We minister to students on MSUM, Concordia, and M-State campuses.
MCCM is based out of the parish of St. Joseph’s in Moorhead. Our ministry offers many activities during the year to serve our college students. First and foremost we offer the Eucharist, the “source and summit” of our lives as Catholics. We have a special college student Mass at 11:45 a.m. on Sundays with lunch following. St. Joseph’s Church also has weekend Masses at 5:00 p.m. on Saturdays, 8:00 a.m. and 10:00 a.m. on Sunday mornings and 6:30 p.m. Sunday evenings. During the week we have a special daily Mass for college students on Monday evenings and Wednesday evenings with a time to socialize and build friendships following evening masses. Additionally retreats, Bible studies, socials, fellowship nights, game nights, and faith sharing opportunities are offered throughout the school year. Get involved in learning more about the Church and our faith!
St. John Henry Newman was a real live person who wrote, taught, and preached in the 19th Century. He spent many of his early years at Oxford University in England. Newman was raised in the Anglican Church, and moved through many stages and struggles in his spiritual quest. He finally decided to become Catholic at the age of 42. Four years later, he was ordained as a priest and continued on his spiritual journey, eventually becoming renowned as one of the keenest thinkers and best theologians in the Catholic Church. Unfortunately, he was often misunderstood in his lifetime. Protestants mistrusted him because he jumped ship, and Catholics were suspicious of Newman because he started out on the wrong ship. Despite all the pain his brilliance inflicted, Newman never ceased to advocate that mind and spirit should be connected. Faith and intellect belonged together in his eyes, and being a “Fool for Christ” meant that one shouldn’t withdraw from learning or questioning.
The first center, or club, established in 1893 at the University of Pennsylvania, declared in the rules that members wouldn’t be “clannish or narrow in a religious sense.” Until about 40 years ago, it was uncommon for Catholics to attend non-Catholic colleges. Priests and parents worried that young people who went to non religious colleges would lose their faith, morals, and non secular thinking they’d been brought up in. Kids who went on to college, therefore, we greatly encouraged to join the local “Newman Club” to seek friendship with other Catholics that would strengthen and nurture faith.

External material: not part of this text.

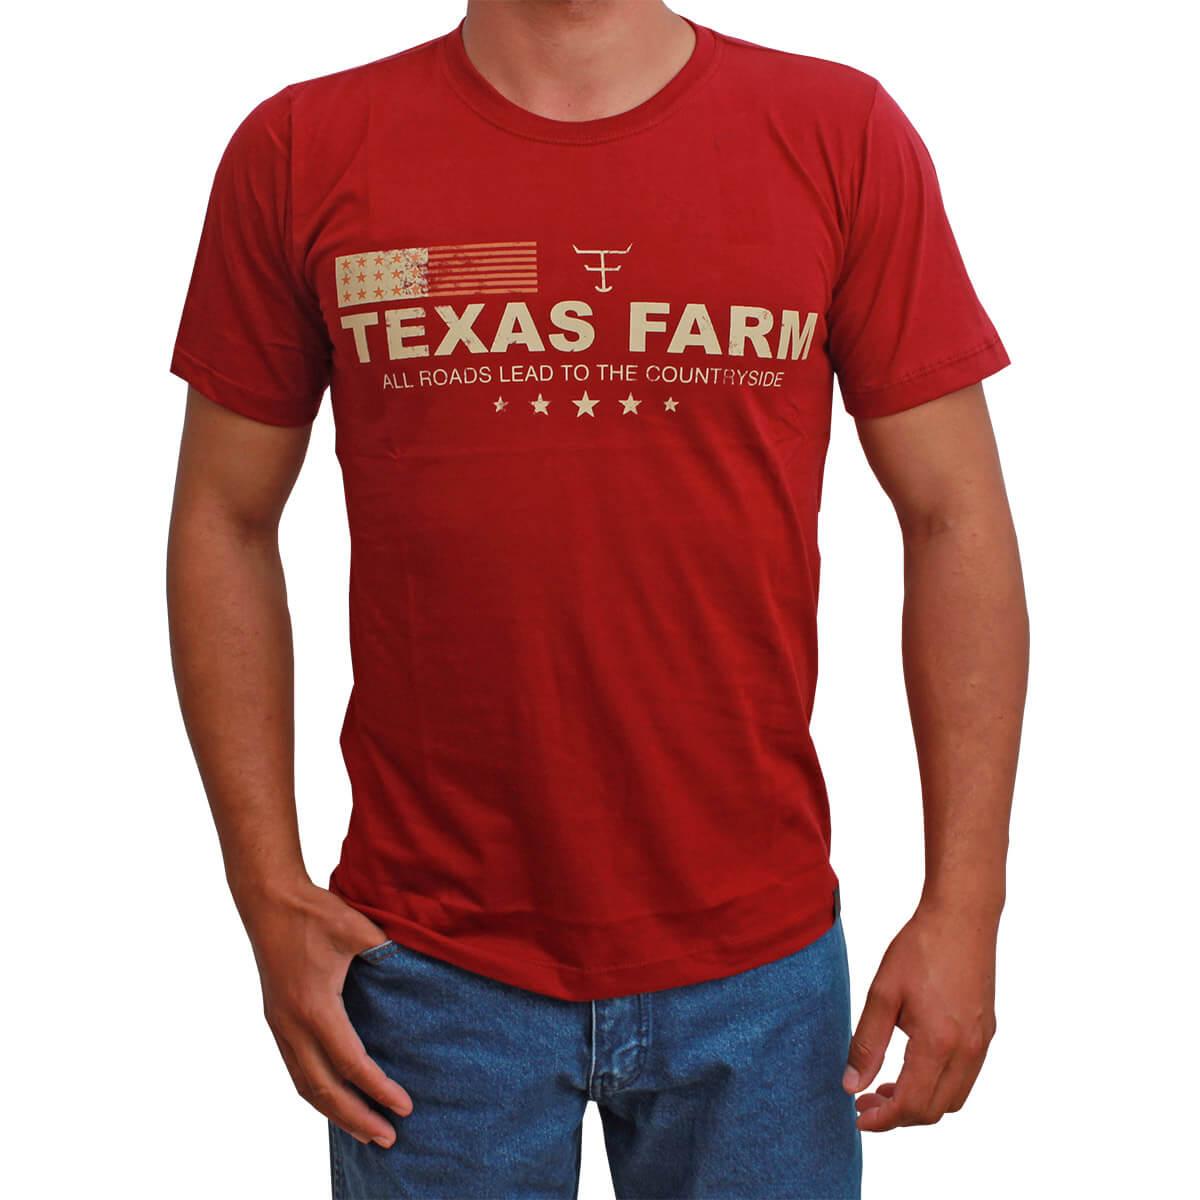 Camiseta Masculina Texas Farm Vermelha Lead To The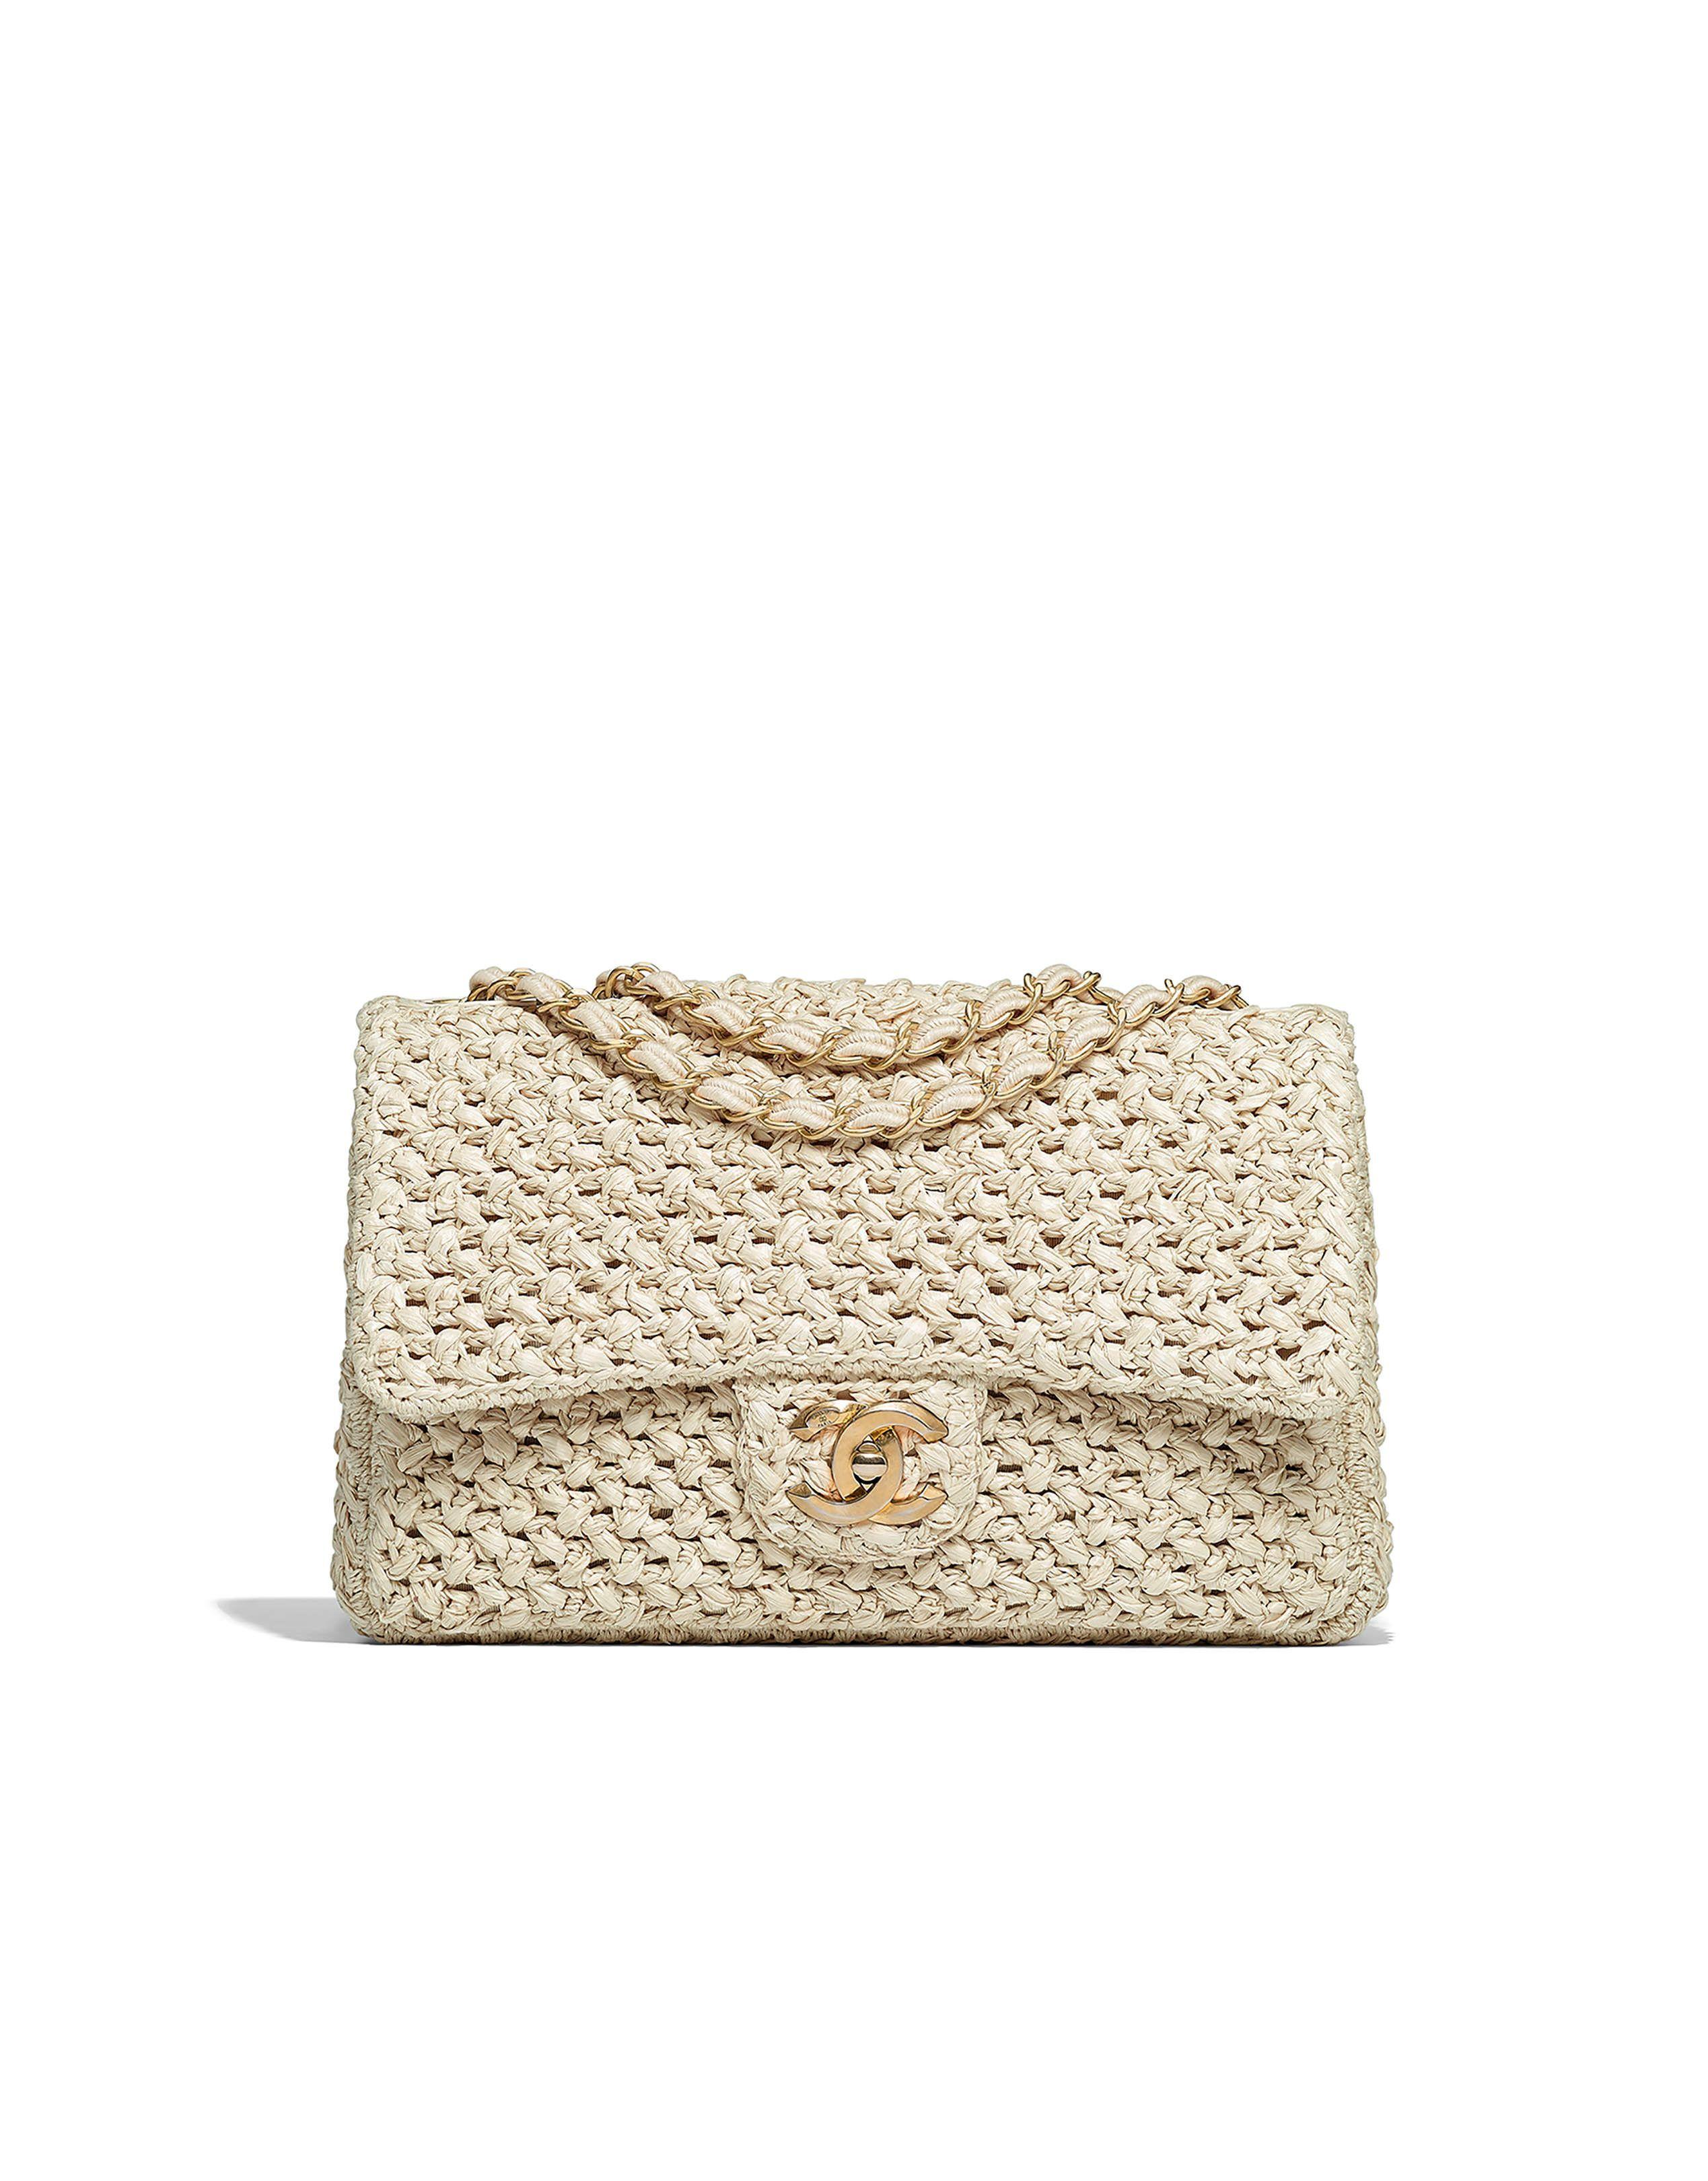 723fb6774a1a Chanel - Cruise 2017 2018   Crochet flap bag   Chanel handbags ...

The first club to reach Minnesota was in St. Paul, founded in 1923. While it has been 72 years and many changes have occurred, the basic principles of faith and intellect still stand strong. As Linda Wall said:
"I wish you to enlarge your knowledge, to cultivate your reason, to get an insight into the relation of truth to truth, to learn to view things as they are, to understand how faith and reason stand to each other. Religion cannot stifle or restrict the intellect, only enlighten and enlarge it.”